By 25-years-old, Steve Upshur was a heroin-addicted alcoholic. He tried many other drugs, leading to homelessness before God radically changed his life.
Born and raised on the west side of Detroit, Mich., in an African-American neighborhood, he and his family of 6 siblings and his mother and father were one of the few Caucasian families in the area.
At 12, Upshur was getting high by taking pills and drinking. "I directly relate a lot of my problems to being bored when I was younger," Upshur said to The Christian Post. "I was bored and wanted some excitement. I was sick of the humdrum. So I started stealing pills from the corner drug store. I started stealing boozes out of my father's whiskey cabinet."
By the age of 13, Upshur was stealing cars for the sake of joyriding, as his father prayed for him daily as he saw the bad change in his son. At 14, he decided to run away from home because he no longer wanted to follow the rules of his parents. He hitchhiked with two knives, two pairs of Levi's jeans, a pair of underwear, a pair of socks and $3 going towards the south.
Upshur ended up in a bar in San Francisco, where he was offered marijuana by an African man. He accepted the offer and smoked marijuana for the first time. He recalls, "I looked at myself in the mirror with the knife to my throat and all of a sudden I turned into the devil. I freaked out. I ran out the door to an apartment complex next door, jumped in the pool of water and got up. Then I thought, 'That was cool'."
He ended up back in Detroit and became a drug dealer getting arrested at 16-years-old for selling drugs. He was on probation but went back to selling drugs. Upshur said, "Weed is a gateway drug. It leads to stronger drugs." He went from smoking marijuana to smoking speed, but declared that he would never smoke heroin because he saw a video in 8th grade about its fatal effects. However, by the time that he was 17, he had tried heroin.
In 1967, Upshur began taking methadone pills that he got on the streets. He later began going to methadone clinics on a daily basis to feed his new habit, visiting three clinics on a daily basis using fake I.D.'s, and consuming amounts of the drug that would kill most people. Drinking alcohol, getting high on heroin and smoking marijuana every day became his way of life and it led to homelessness, a new low for him.
The pattern of jail, drugs and homelessness lasted for years until 1974, when at 25-years-old, Upshur had an encounter with God in downtown Oklahoma City. While in jail, an inmate told him about "The Jesus House." He went there after he got out of jail and saw that it was a place run by two Christian women in their late 40s. There were about 20-30 people who were addicts, homeless, prostitutes, and people from other walks of life that were often shunned by society.
A man then said to him, "I can prove to you that Jesus is real. Give your life to him and watch him change you." Three months later, Upshur recalls, "God spoke to me in an audible voice and told me that He was alive and He showed me all of these demons in a vision and it freaked me out. After 20 to 30 years of me dealing and scheming, this spirit world opens up and scared me. I was shocked to my core."

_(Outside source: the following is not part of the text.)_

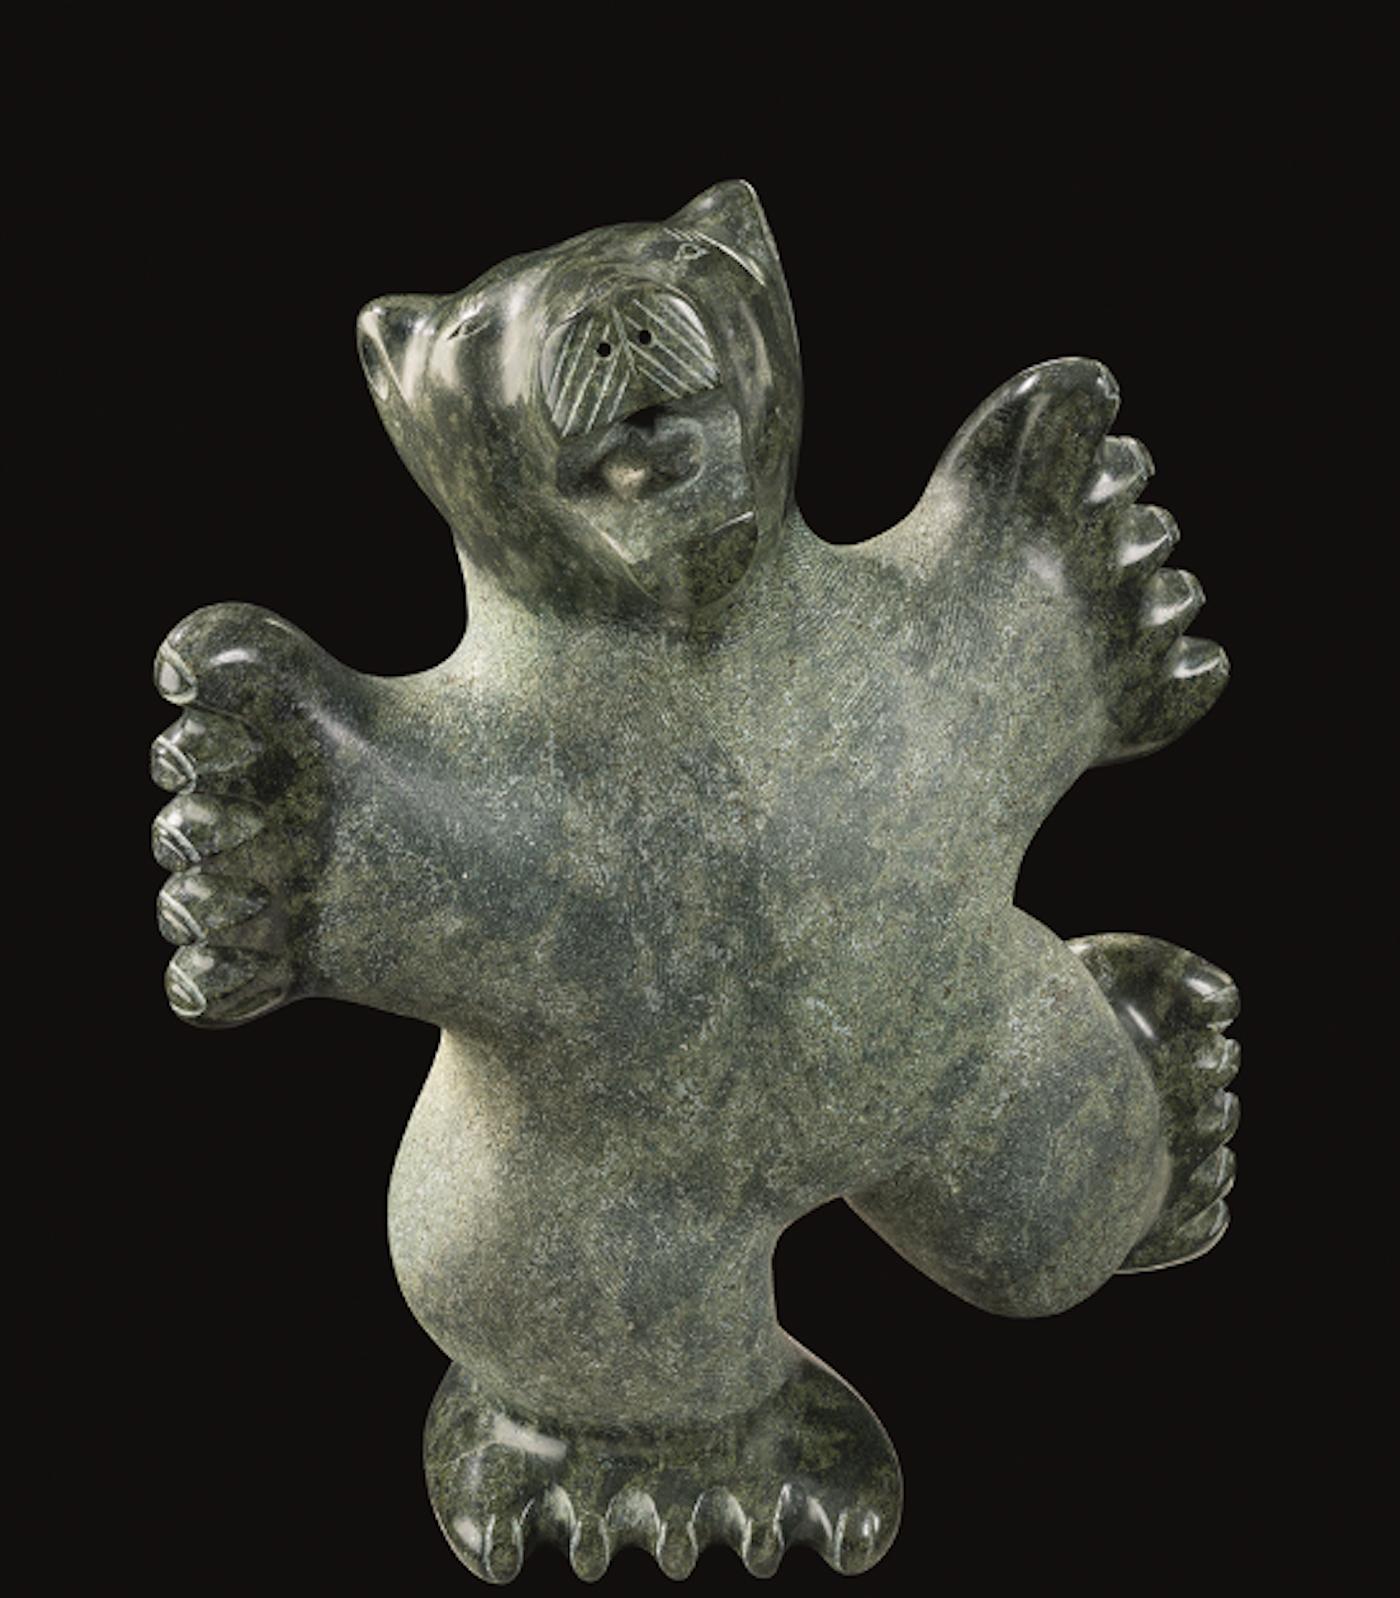 Una statua a forma di orso esposta alla mostra Grand Nord, Art Inuit

He then went back to "The Jesus House" and told them about his experience. They in turn replied, "We'd been praying for you every day for 3 months for you to get saved."
He later went to a church and was prayed over by members of the church. "My body began shaking and sweating uncontrollably. I felt the depth of God's love fall over me," Upshur shared. With his nose running profusely, and feeling the sensation of his everything in him coming out, he shared, "all of a sudden I began to think clearly for the first time in 20 years."
He ended up back in Detroit as a changed person with an eagerness to reach out to others who were searching for hope. Over the years, Upshur began teaching Bible studies to youth in Detroit's east side. As people began to attend the Bible studies, the group evolved into a church, even though there was no plan to make a church. Upshur named the church "The Breadline."
In 1980, he began and hosted the "New Life" TV program that lasted for 15 years, and started prison and jail ministries. He also evangelized on the streets and became involved with reaching out to outlaw motorcycle clubs.
After being approached by Christians from Detroit with an offer to donate their old four-story warehouse in the inner city of Detroit, he began to offer barbeques, campfires and live music in the community. In 1997, the name of the church was changed to Peacemakers International. "Everything we do is geared towards soul-winning," Upshur said.
Pastor Upshur welcomes missions groups to his church on a regular basis and also has housing for ex-felons. Congregants of his church often go on missions trips to Haiti as well.